* Data block
◇ ◇ ◇ ◇ ◇ ◇ ◇

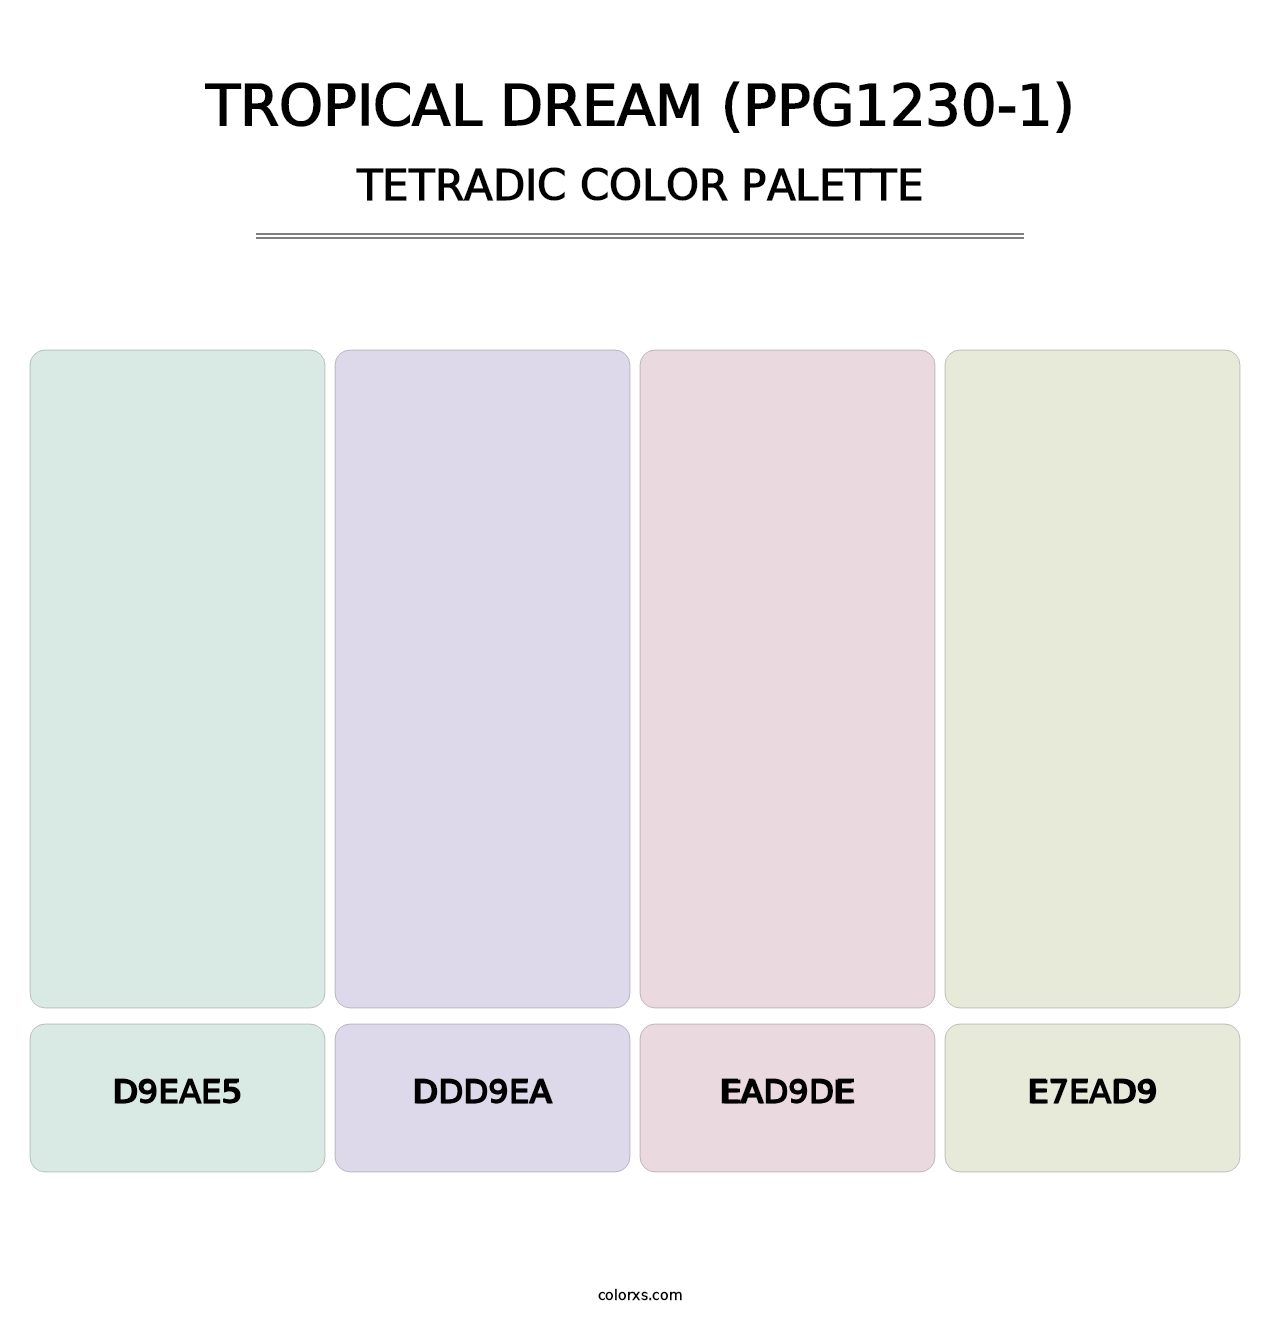 Tropical Dream (PPG1230-1) - Tetradic Color Palette
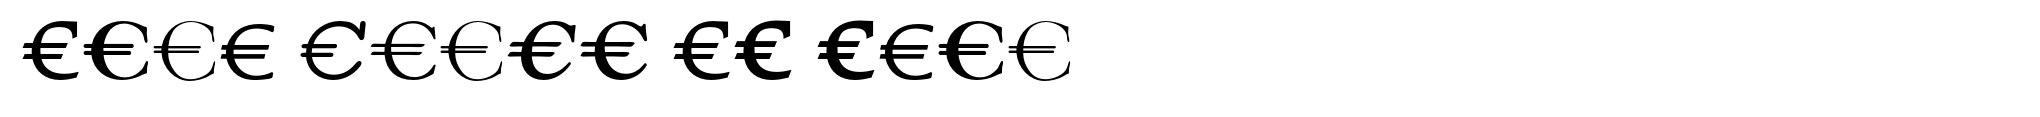 Euro Serif EF Four image
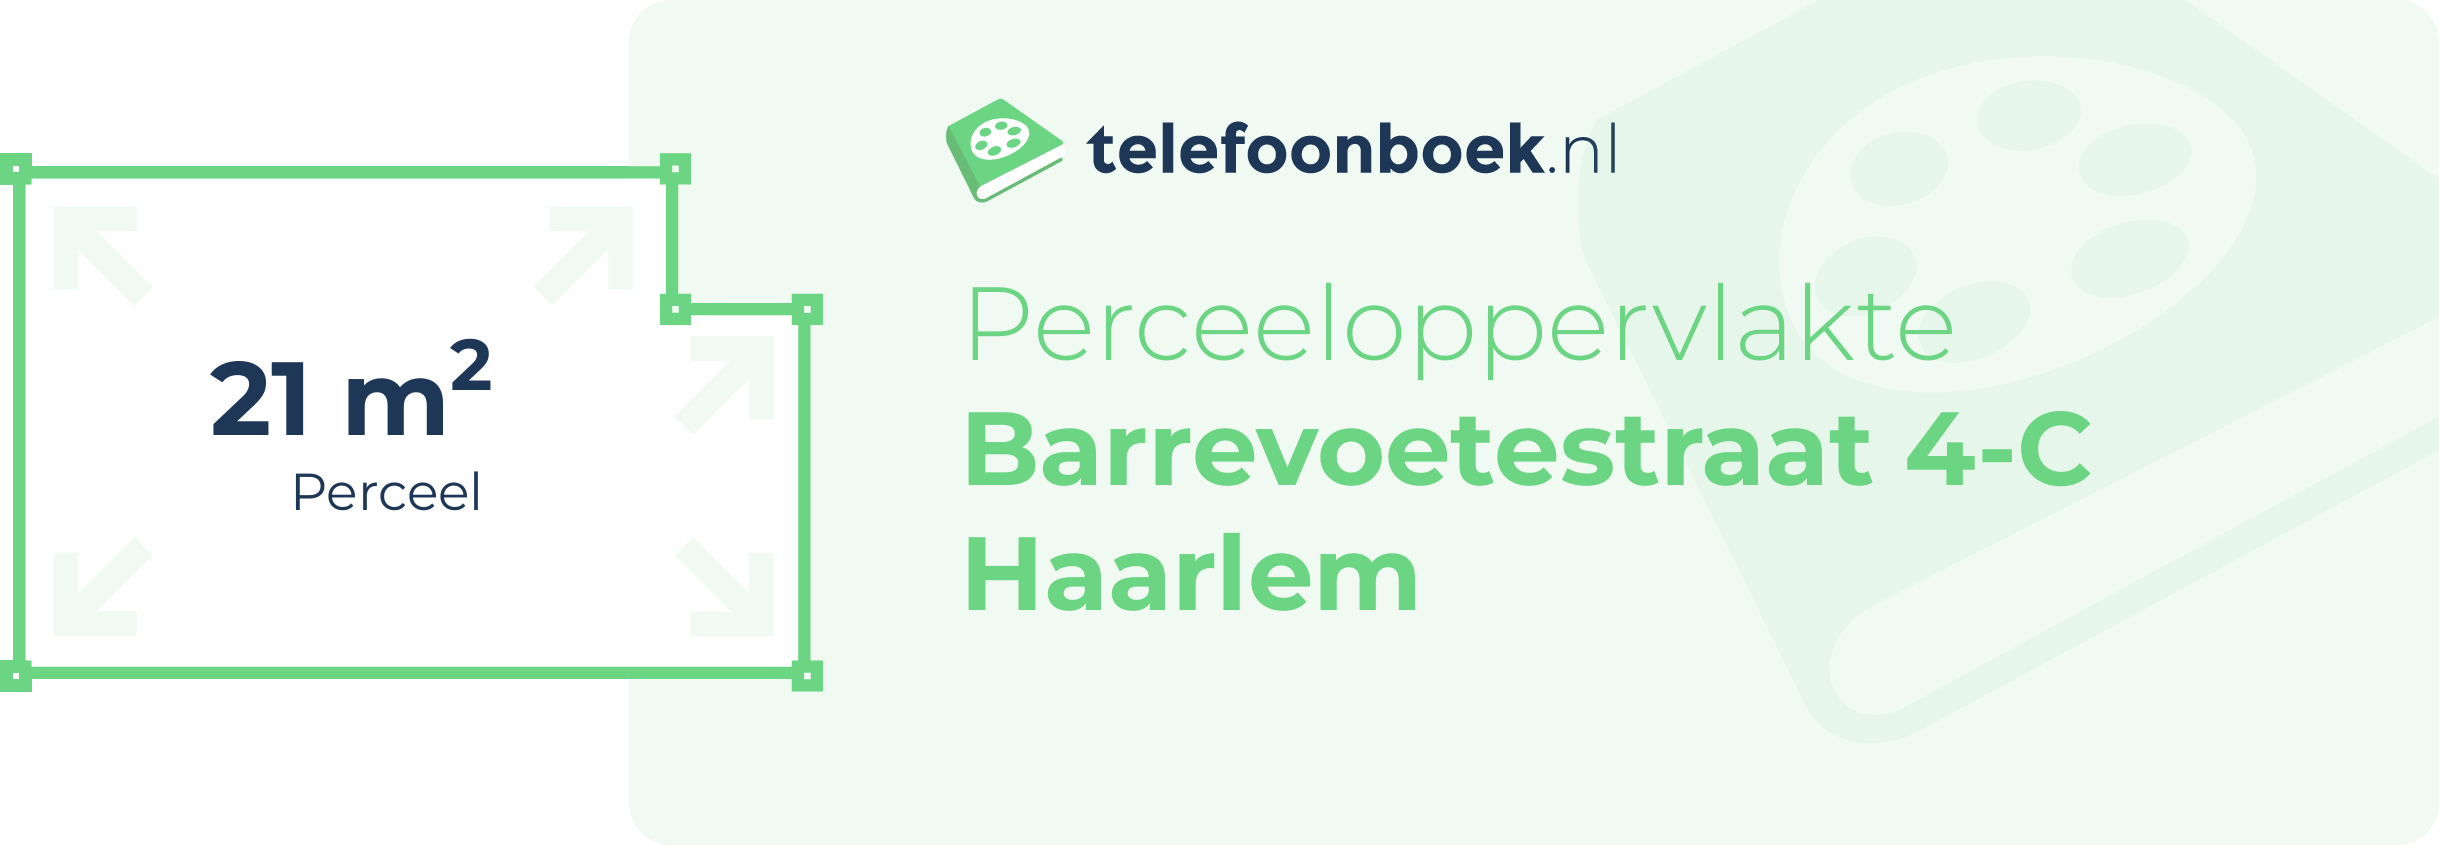 Perceeloppervlakte Barrevoetestraat 4-C Haarlem

◇ ◇ ◇ ◇ ◇ ◇ ◇

* What you need to do
Starting from the line that contains "Euro Serif EF Four image", transcribe exactly each line down to the final line of the material above, excluding every picture and adding nothing else.

* Answer space
 Euro Serif EF Four image
 Perceeloppervlakte Barrevoetestraat 4-C Haarlem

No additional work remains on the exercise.